TASK REQUIREMENTS:
Write out the data below in full, unchanged, minus the images.

STORED DATA:
━━━━━━━━━━━━━━━━━━━━

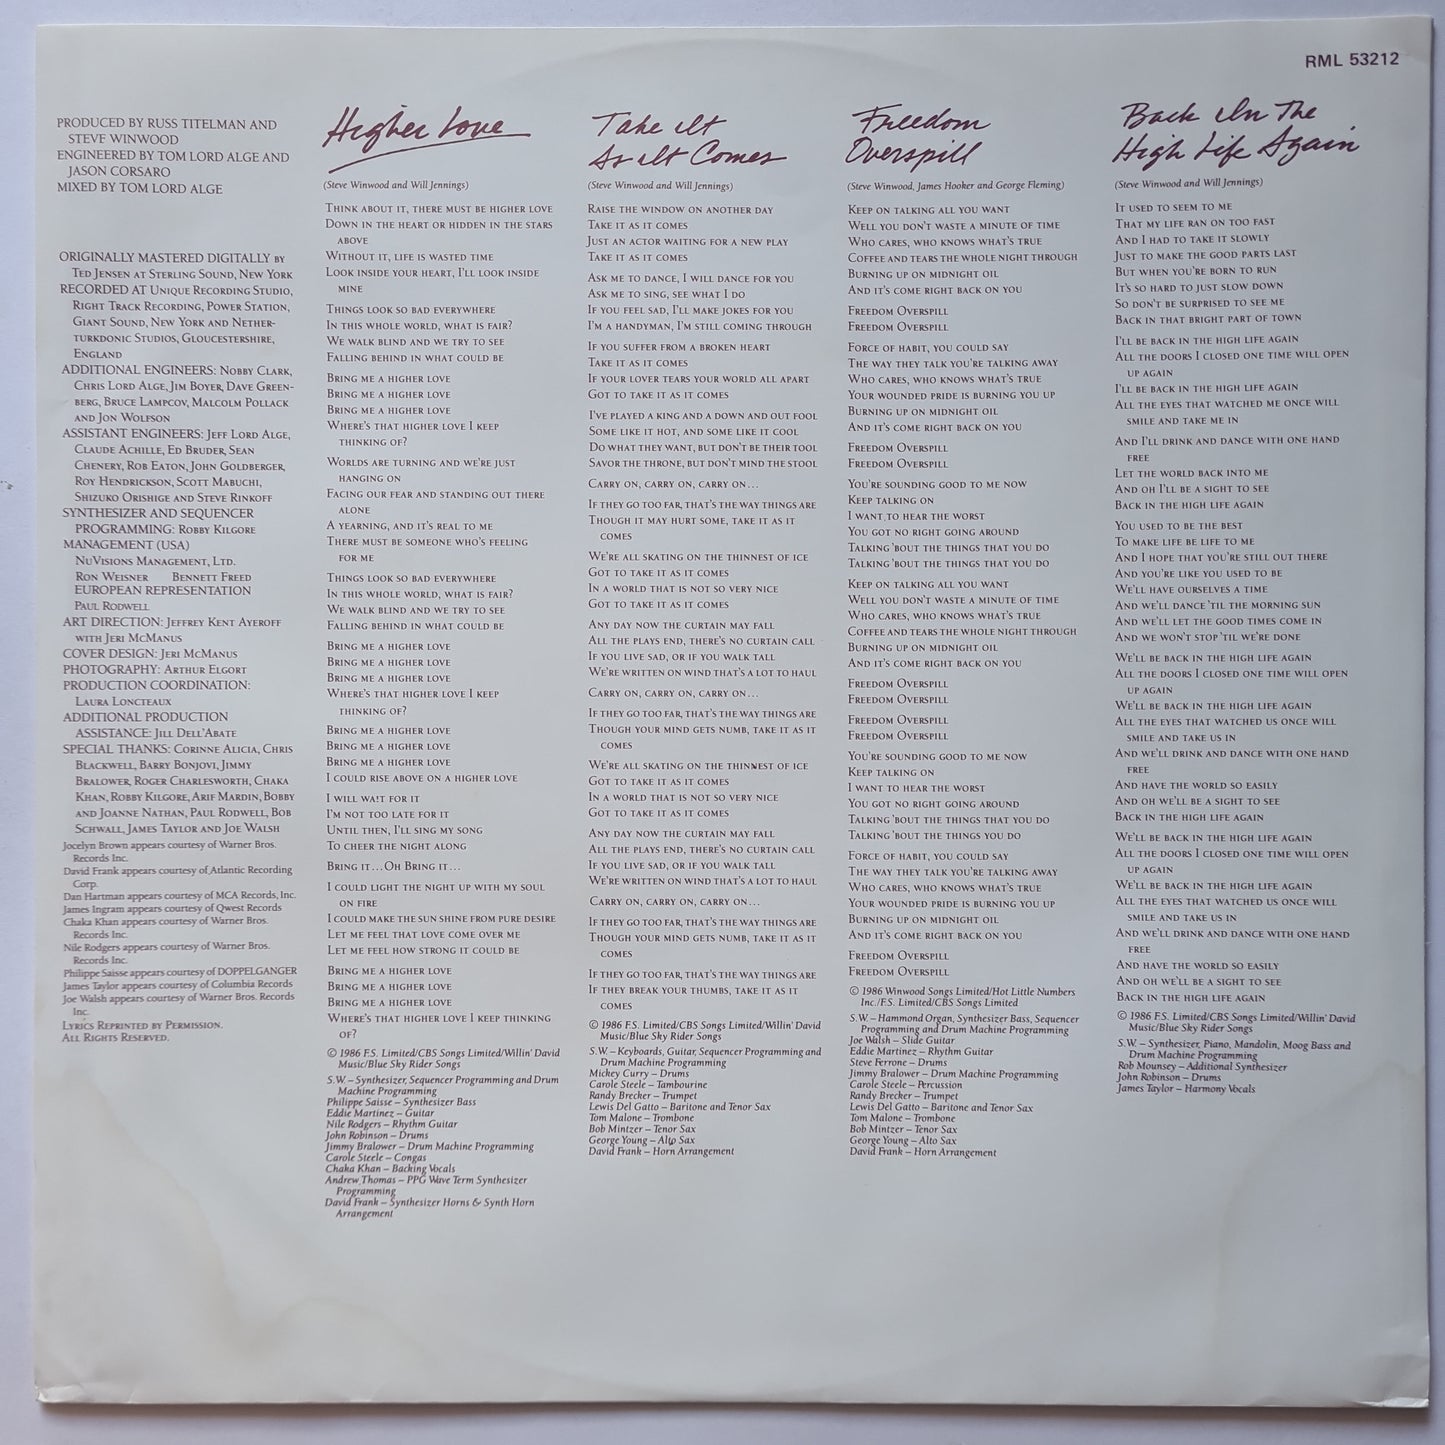 Stevie Winwood – Back In The High Life - 1986 - Vinyl Record
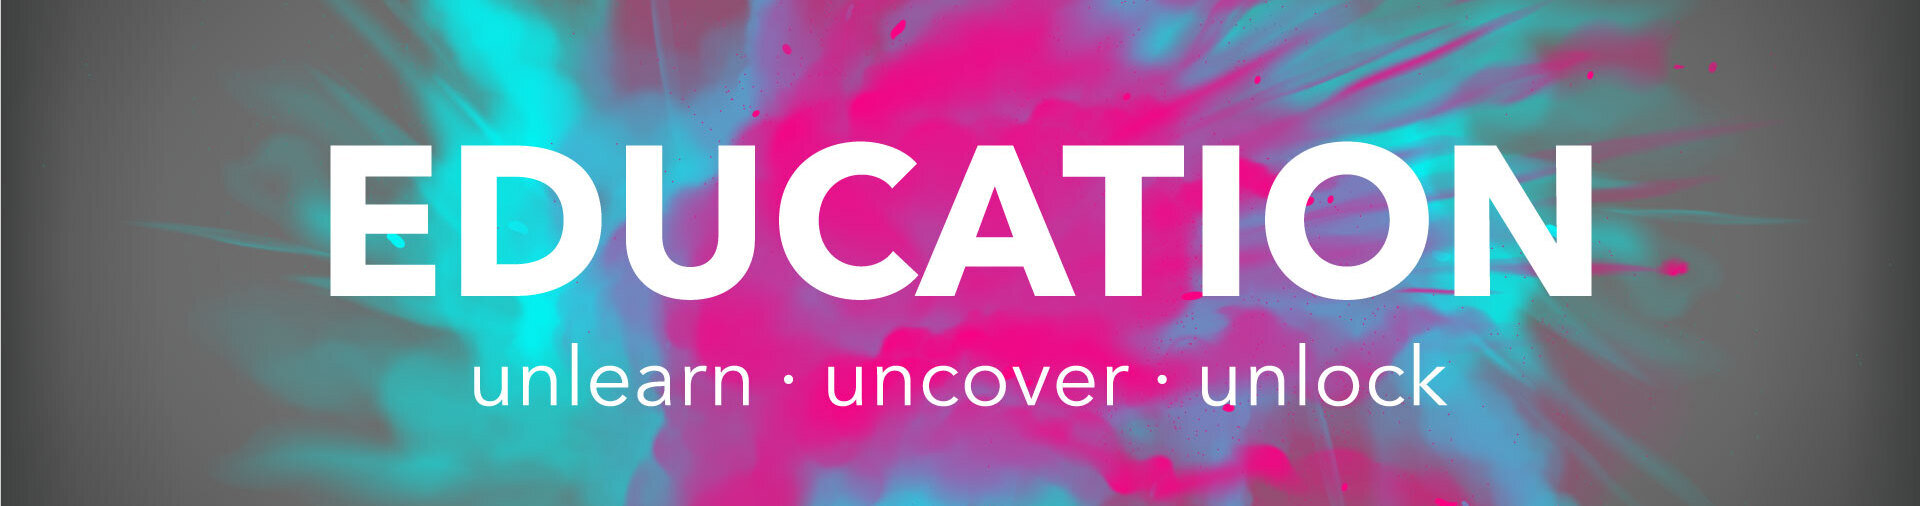 EDUCATION: Unlearn | Uncover | Unlock's background image'
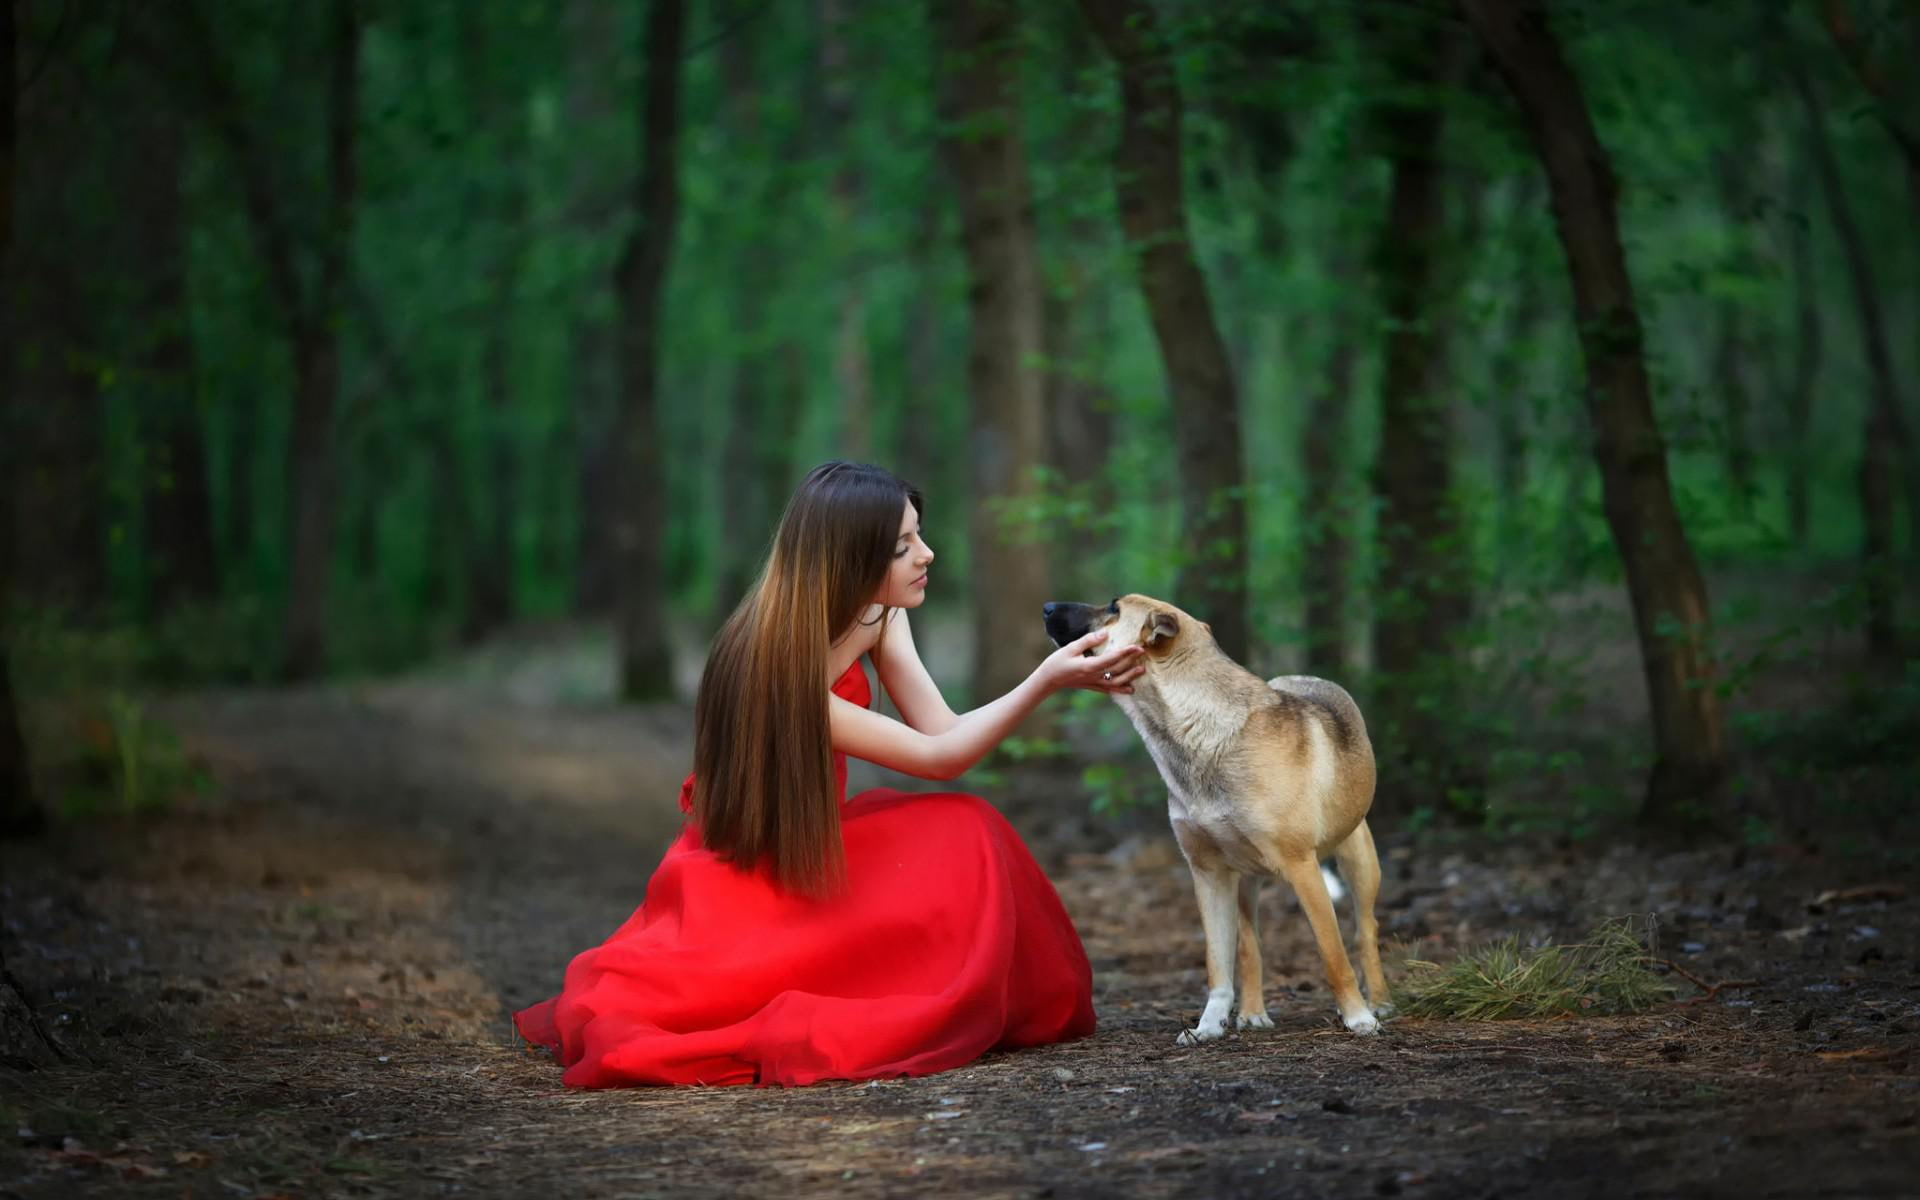 Red dress, forest, girl, dog, scenery
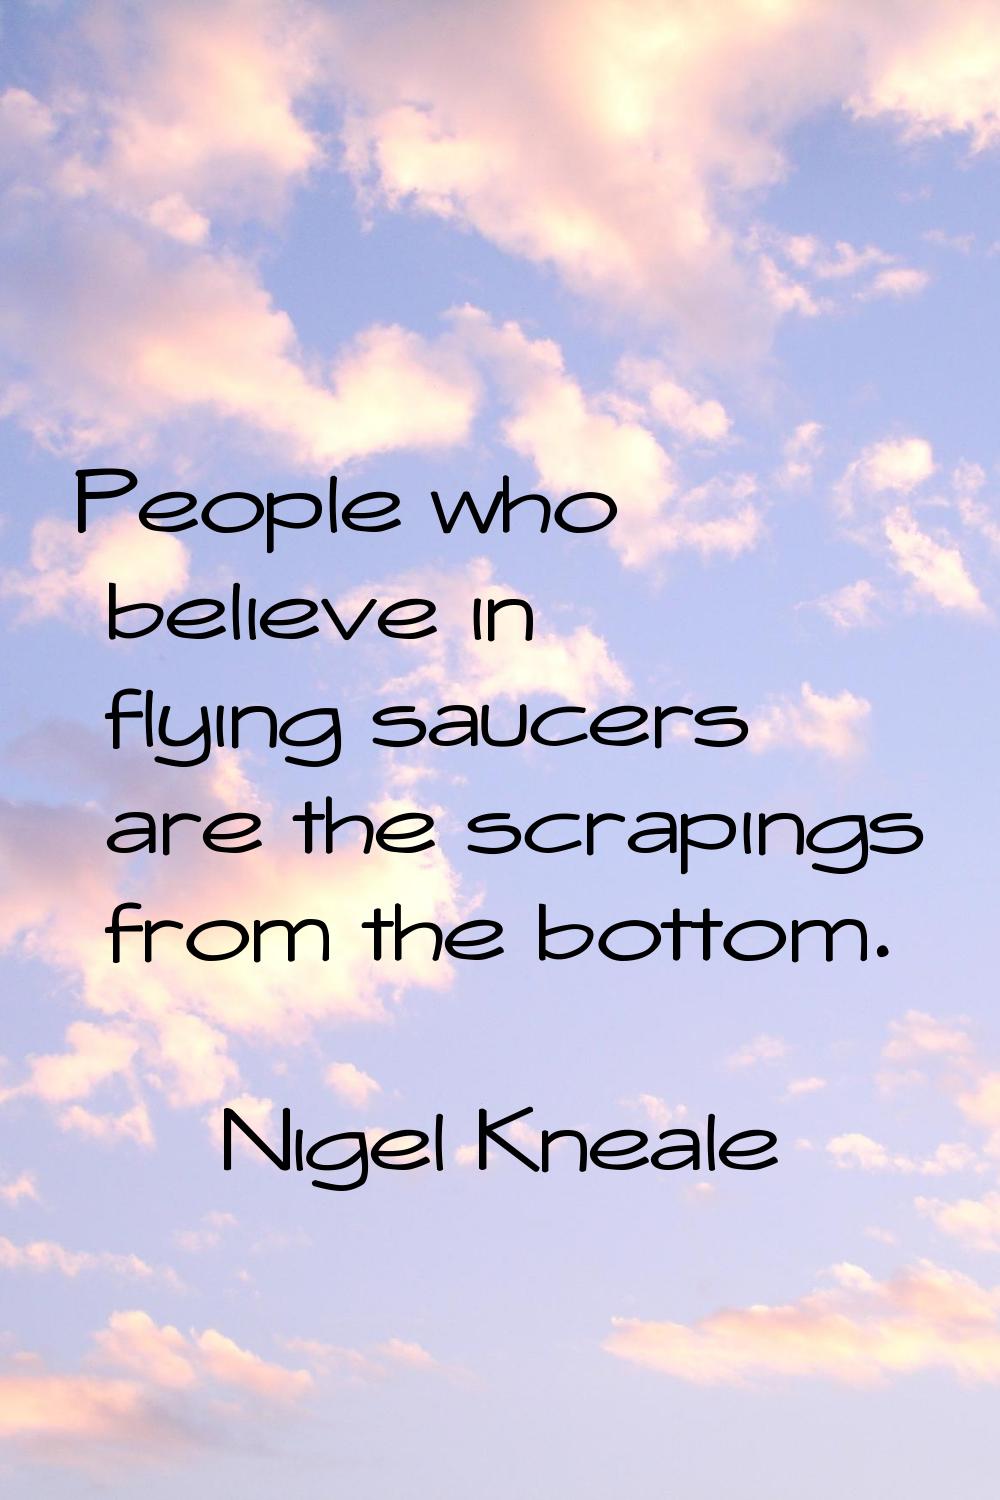 People who believe in flying saucers are the scrapings from the bottom.

━━━━━━━━━━━━━━━━━━━━

TASK SOLUTION:
 Stevie Winwood – Back In The High Life - 1986 - Vinyl Record
 EDUCATION: Unlearn | Uncover | Unlock's background image'
 Red dress, forest, girl, dog, scenery
 People who believe in flying saucers are the scrapings from the bottom.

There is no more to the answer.